**TASK DIRECTIONS:**
Copy each record exactly as it reads, leaving out any pictures it holds.

_ _ _ _

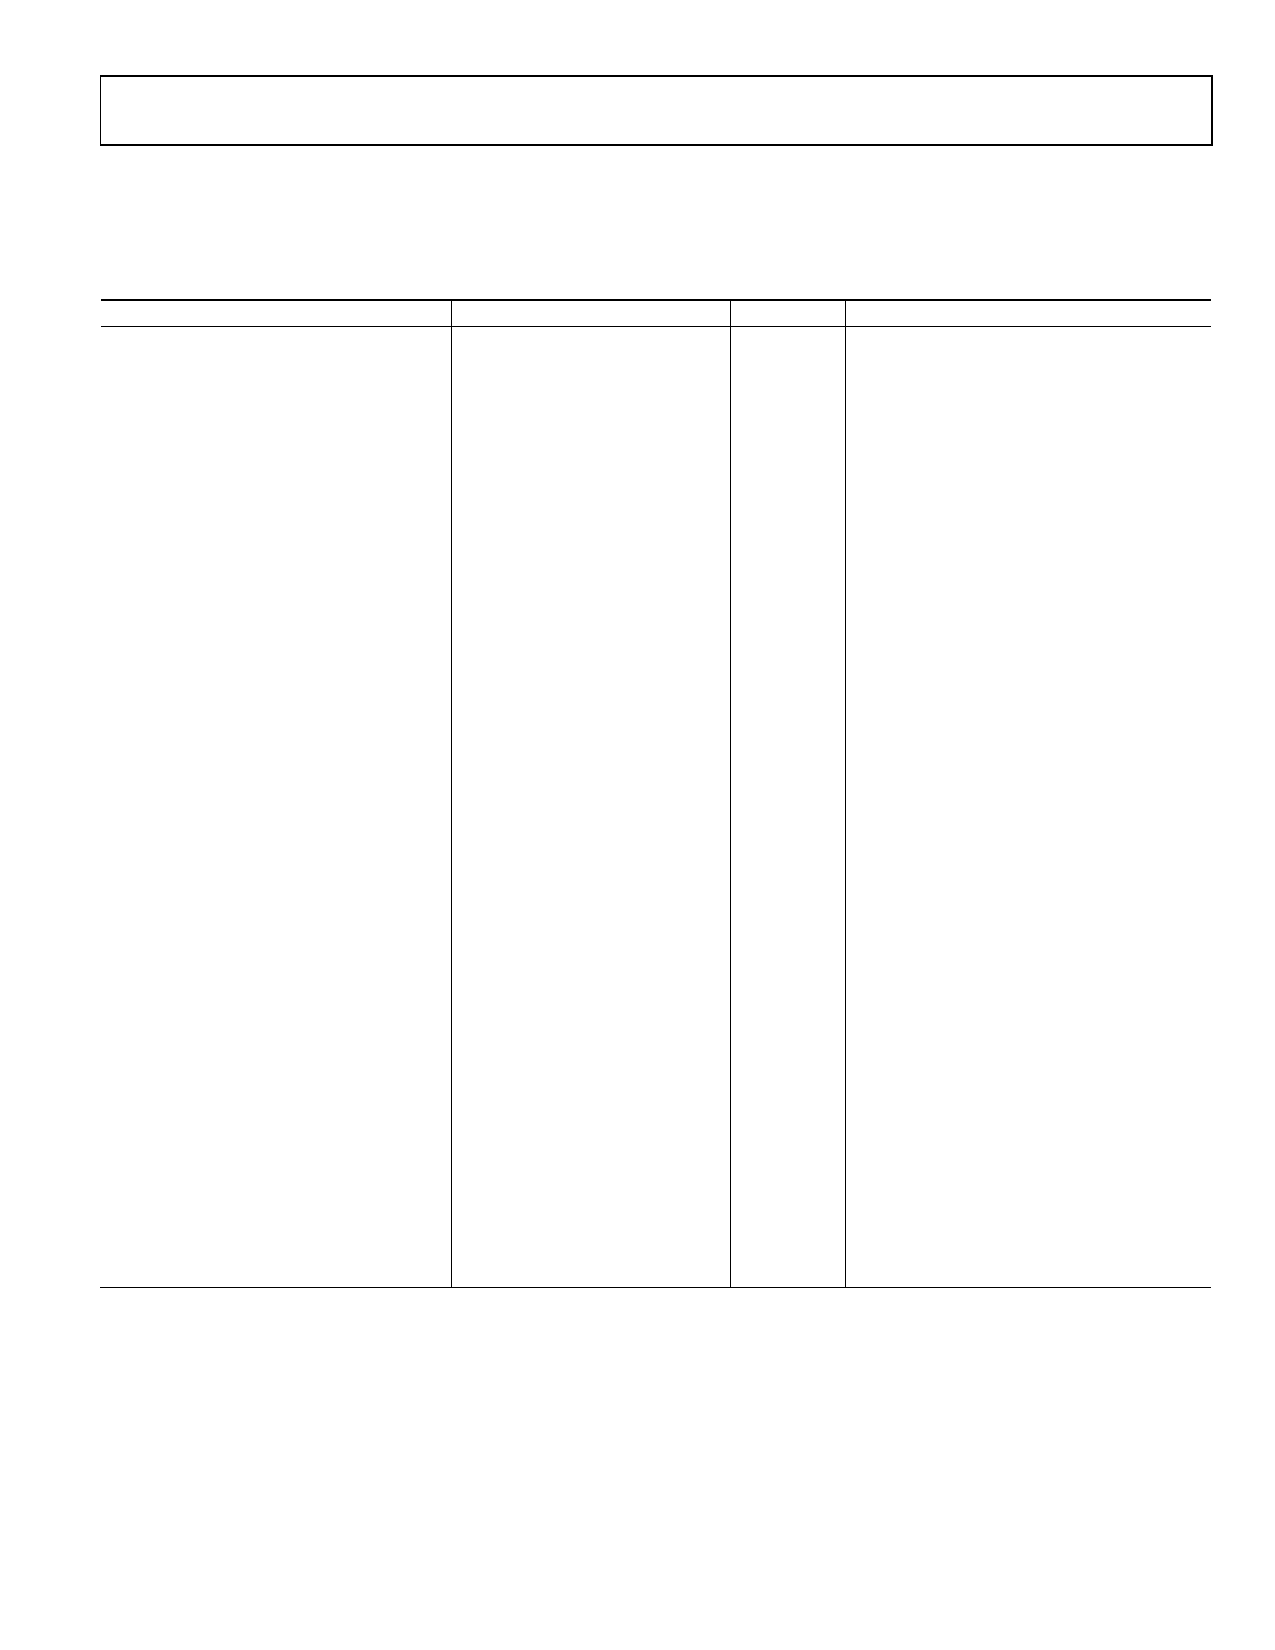 AD5422 pdf, arduino
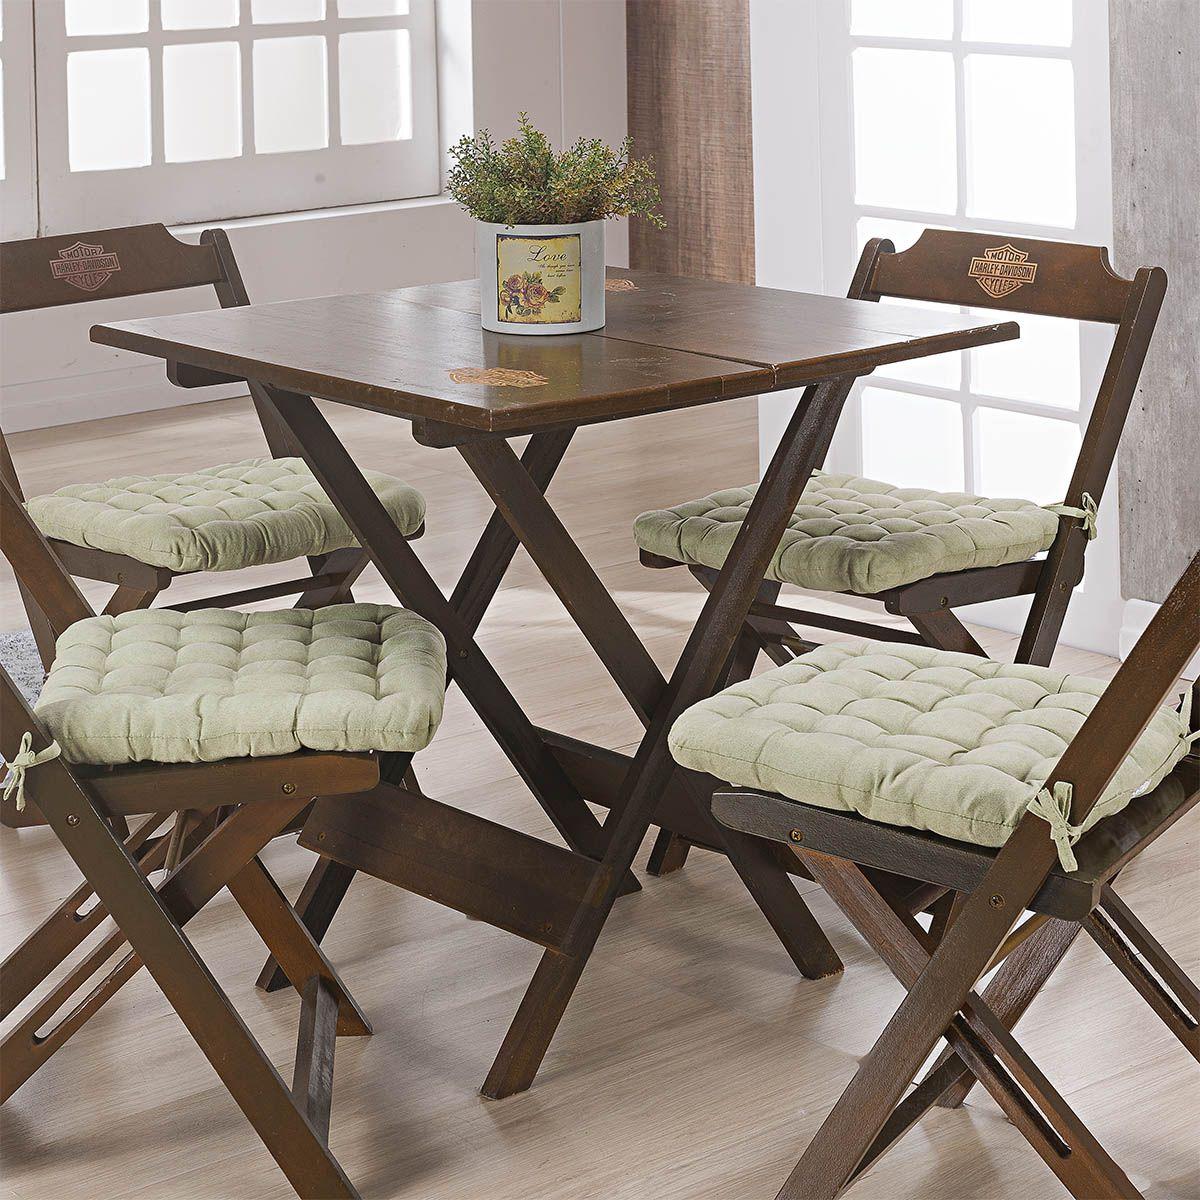 Kit C/ 4 - Assentos P/ Cadeira - Futton - Kalamar - 40cm x 40cm - Verde - Niazitex
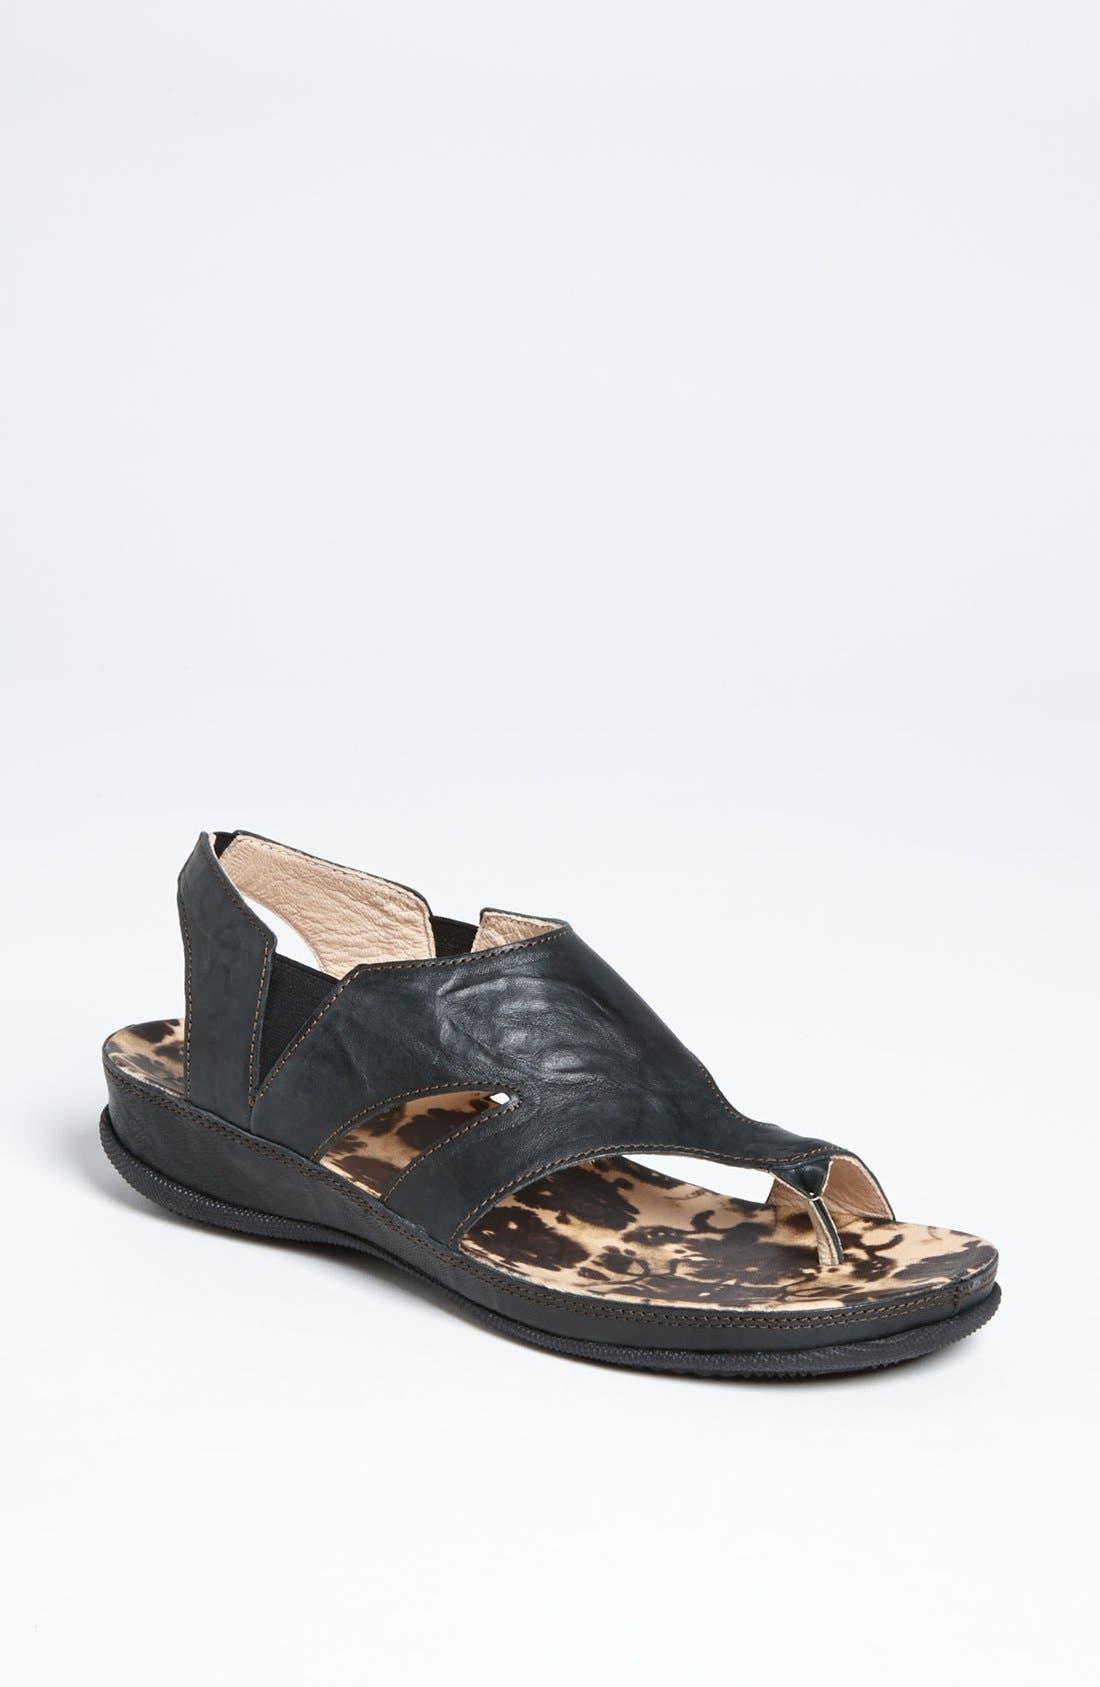 Alternate Image 1 Selected - Think! 'Zenzi' Sandal
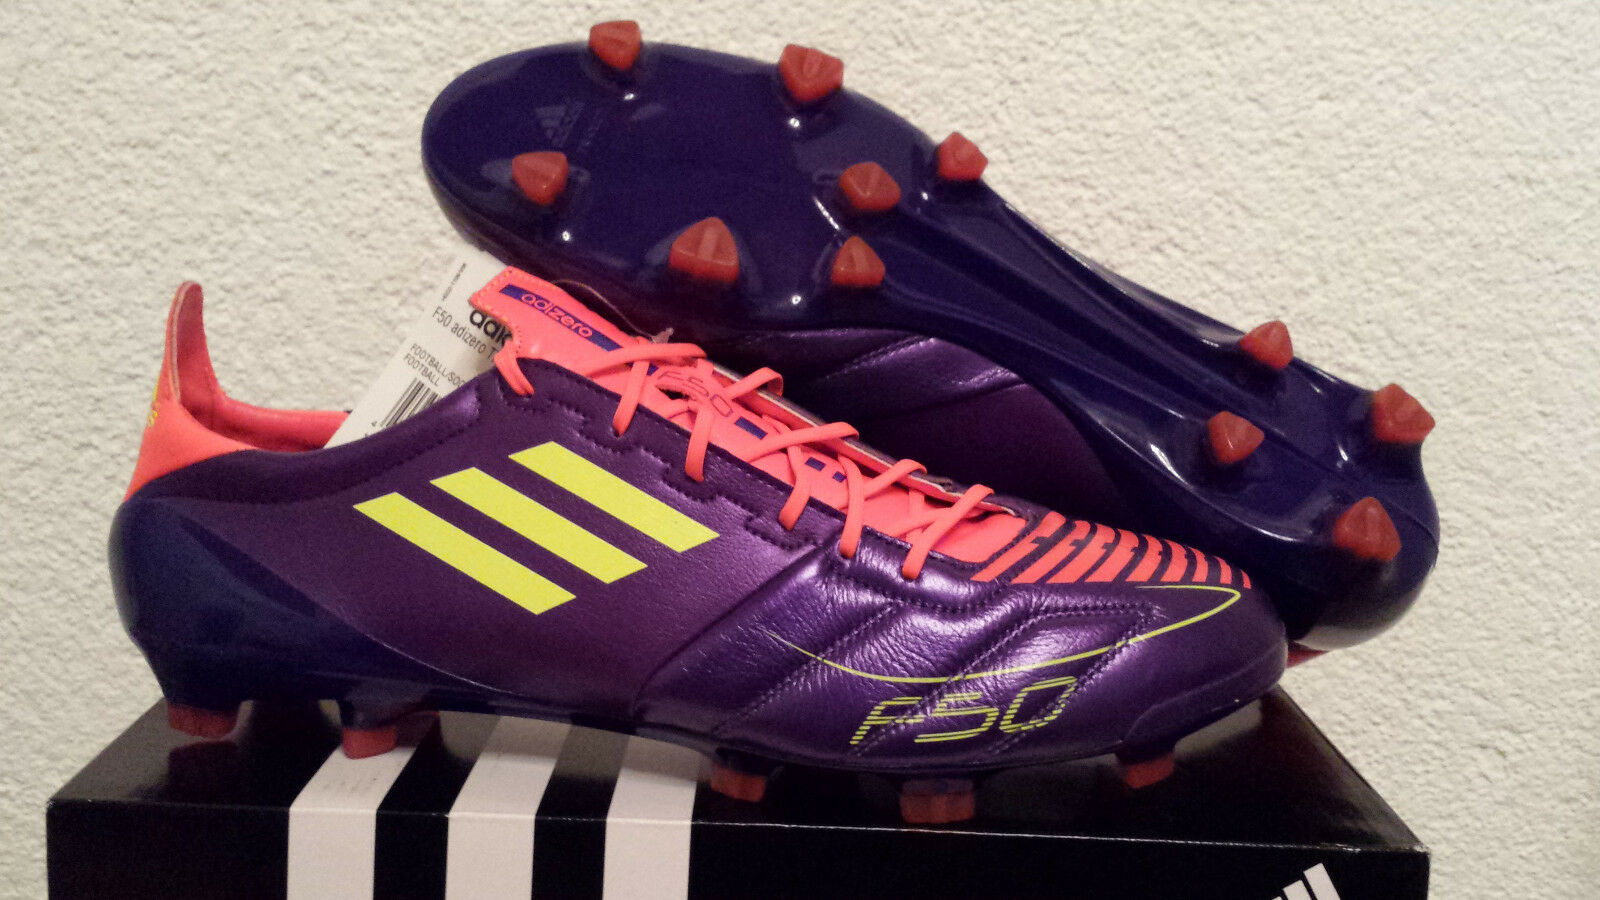 Nuevo adidas f50 ADIZERO TRX FG cuero 12 UE 47 1 3 botas de fútbol rare Projoator
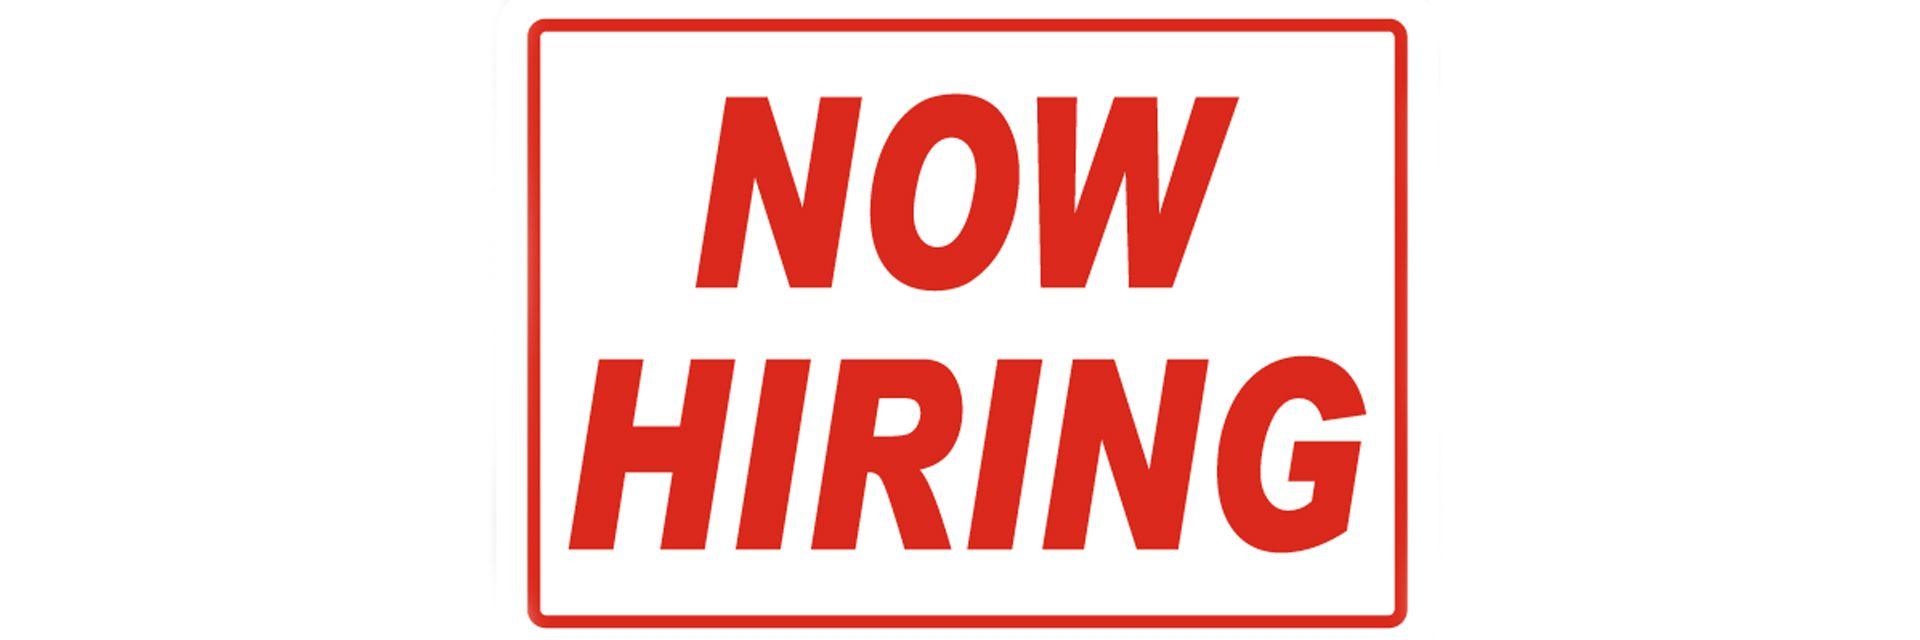 Danbury Powersports is now hiring!

_ _ _ _

**WRITTEN ANSWER:**
 AD5422 pdf, arduino
 Kit C/ 4 - Assentos P/ Cadeira - Futton - Kalamar - 40cm x 40cm - Verde - Niazitex
 Alternate Image 1 Selected - Think! 'Zenzi' Sandal
 Nuevo adidas f50 ADIZERO TRX FG cuero 12 UE 47 1 3 botas de fútbol rare Projoator
 Danbury Powersports is now hiring!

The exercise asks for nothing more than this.